冬至,吃饺子还是汤圆?
早上还没睁开眼,爸爸打来电话,“今天是冬至,吃汤圆还是吃饺子?我们北方是吃饺子的。”
“没事没事,饺子、汤圆都可以。”我对着手机嗯嗯啊啊。
爸爸快70岁了,出生在浙江金华,又在辗转丽水,最后在温州扎下根,工作、结婚、生子、退休,现在帮我带孩子,也没有离开过…………奇怪的是,他始终习惯说普通话,而且张口闭口,我们北方。
我在浙江温州出生、长大。在上大学前一直生活在江南(诗意的词汇),就连旅行都没有越过长江。更不用说去山东老家看看了(爸爸起码回去过)。
但我始终不认为自己是个温州人。户口本上的祖籍写着山东,不是最好的证明吗?
我也喜欢说普通话更胜过温州方言。因为小时候,来我们家喝酒聊天的叔叔,跟爸爸一样都是说普通话的。
爸爸告诉我,他们是他的发小,在文成的时候,他们一帮还和本地人的孩子经常打架。本地孩子嫌弃他们是外来户,他们说本地孩子是土包子。
后来我知道,爸爸和他的小伙伴们之所以这么骄傲,是因为爷爷辈都是当时南下军人家属。
那我对北方人的怀想是从哪儿来的呢?
我至今都没有想清楚。
普通话从幼儿园讲到小学,初中毕业了,进到高中却受到了冲击。

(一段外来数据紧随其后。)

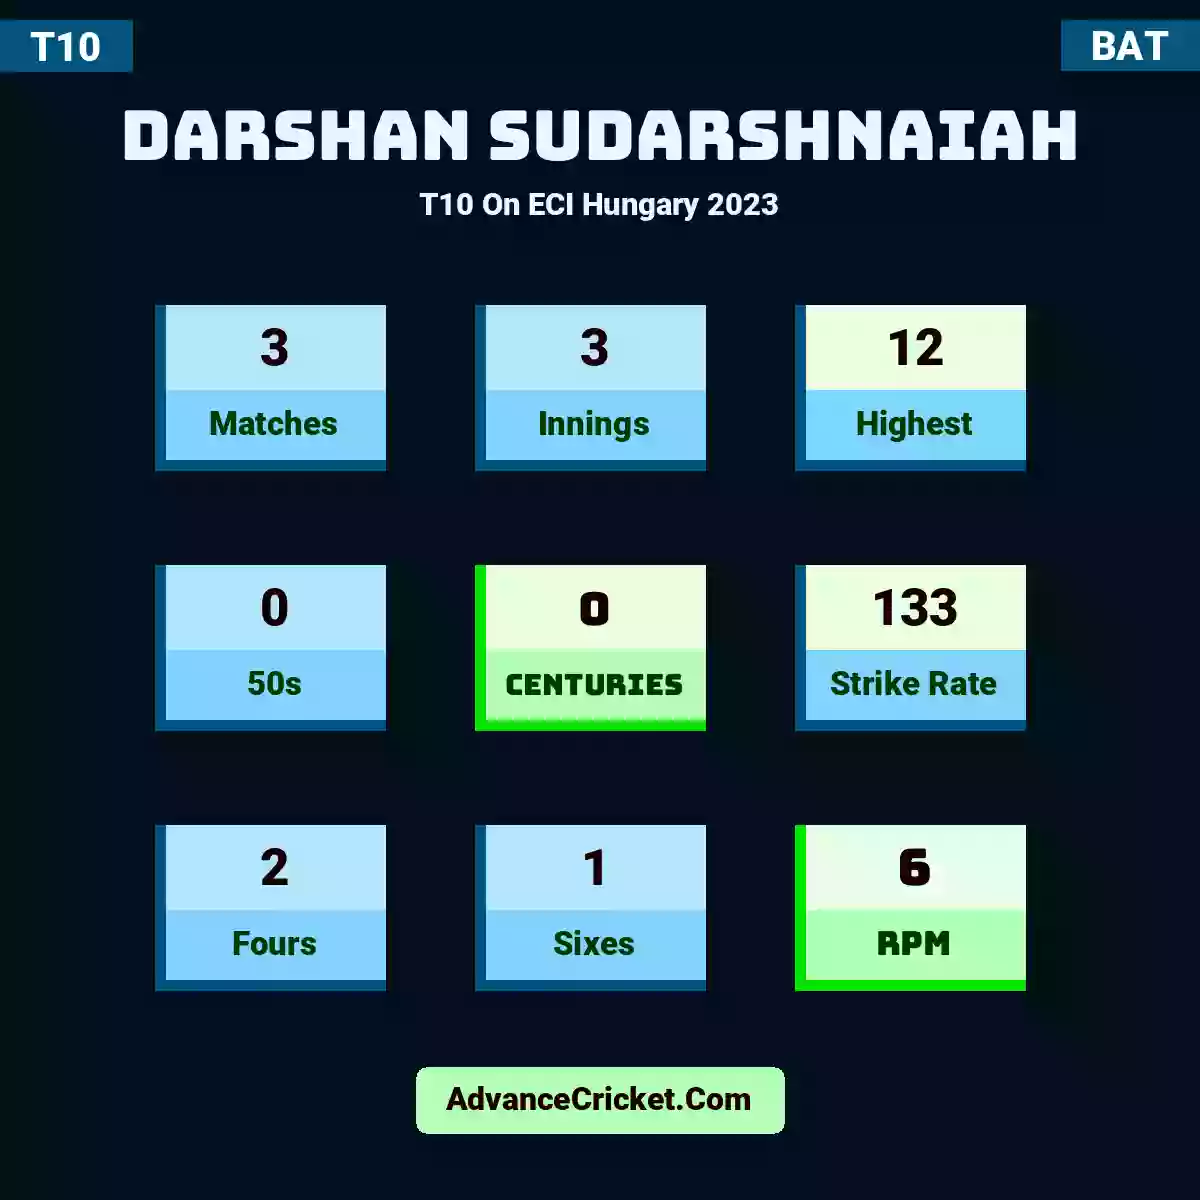 Darshan Sudarshnaiah T10  On ECI Hungary 2023, Darshan Sudarshnaiah played 3 matches, scored 12 runs as highest, 0 half-centuries, and 0 centuries, with a strike rate of 133. D.Sudarshnaiah hit 2 fours and 1 sixes, with an RPM of 6.

全年级段,只有我和另外两个同学习惯说普通话。大家都觉得我们很另类(贬义的)。
“是不是温州人啊!?是温州人干嘛跟我们讲普通话啊?”
这样的质问像冬天的雨滴,落在脸颊上不会给你什么伤害,但却令人想躲避,想逃离。
当我第一次来到北京,听到大街上的行人、公交上的乘客说话的口音和语调,是那么熟悉和亲切。那些过去只有在广播、电视里才能听到的口音,突然环绕在我的周遭,我浑身一激灵,顿时觉得这才是我该生活的地方,我们北方。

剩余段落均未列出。